Currently, there are more than 7,000 tickers available for research on Dividend.com. Not every stock, fund or security will receive a DARS rating or rank position.
The reason is quite simple. DARS uses a series of key metrics – Dividend Reliability, Dividend Uptrend, Yield Attractiveness, Earnings Growth and Relative Strength – to provide the fodder necessary for scoring. Put simply, to earn a rating, a security must be able to realize a score on all five metrics. You may be wondering what exactly are the five metrics, how do they fit in our DARS Model and, perhaps more importantly, what kind of securities will the rating system track? Read on to find out.
When you input a ticker for a stock or other income-producing security on Dividend.com’s homepage – in this case, we are using Johnson & Johnson (JNJ ) – you are redirected to its individual ticker page. On that page, near the top, you should see a box containing five different dividend metrics. This data includes the current dollar amount of annualized dividends as well as the securities dividend yield. A securities dividend yield is the dividend amount expressed as a percentage of a current share price. You’ll also get the number of consecutive years that a security has grown their dividend payment and their payout ratio. The last column in that box will represent the security’s possible DARS score. It’s this last column that we will be talking about today.

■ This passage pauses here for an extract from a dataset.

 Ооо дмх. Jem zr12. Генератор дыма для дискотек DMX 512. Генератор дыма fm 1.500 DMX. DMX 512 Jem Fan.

As explained in the opening, not every stock, closed-end fund, exchange-traded fund (ETFs) or other security types will see a DARS rating. It takes the five specific metrics that go into that score. Each of those five parameters (Dividend Reliability, Dividend Uptrend, Yield Attractiveness, Earnings Growth and Relative Strength) is weighted equally at 20% to give the overall DARS score. Understanding what these metrics are is critical to understanding why we can rate some securities on our DARS model and not others.

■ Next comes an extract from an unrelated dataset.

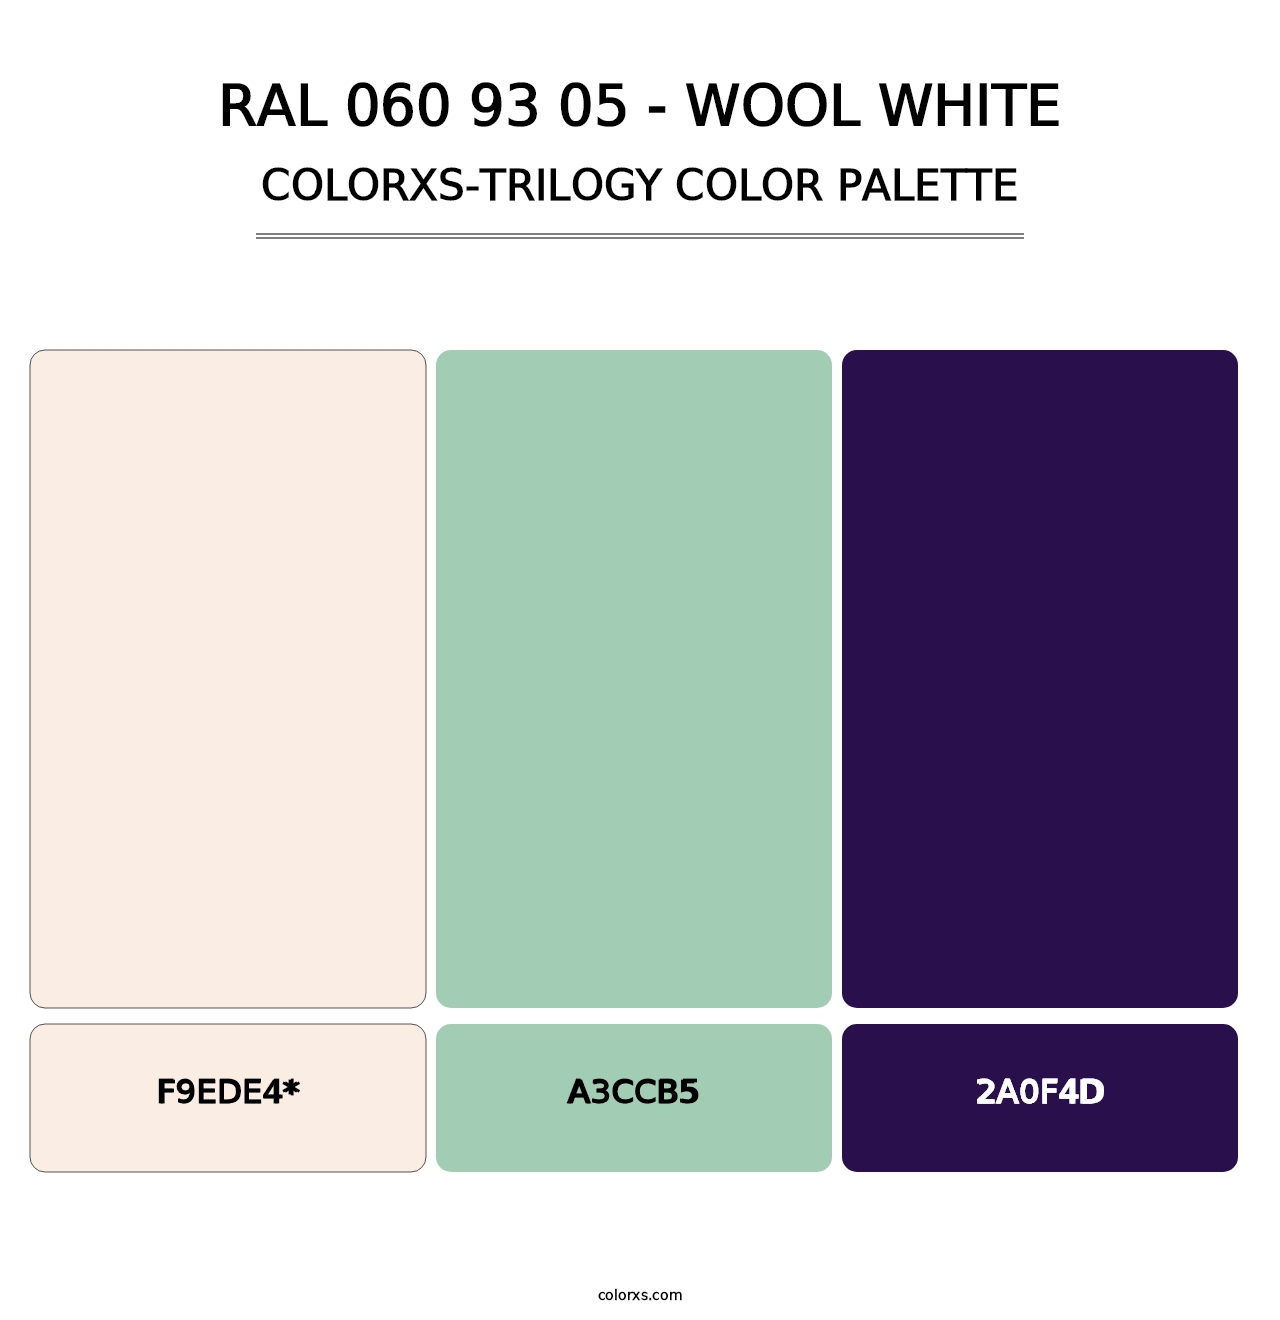 RAL 060 93 05 - Wool White - Colorxs Trilogy Palette

With some basic knowledge of all the parameters of DARS, we can now see why only some of the thousands of tickers on Dividend.com can be ranked by the model. Below is a table of all the security types that are currently on Dividend.com. This list includes everything from common stocks and ADRs to more elaborate fare like ETFs and convertible bonds. On the chart, we see what can and what can’t get ranked. The common thread in all of this is that to get a DARS rating, a security has to be able to score on all five metrics. Let’s look at that more closely.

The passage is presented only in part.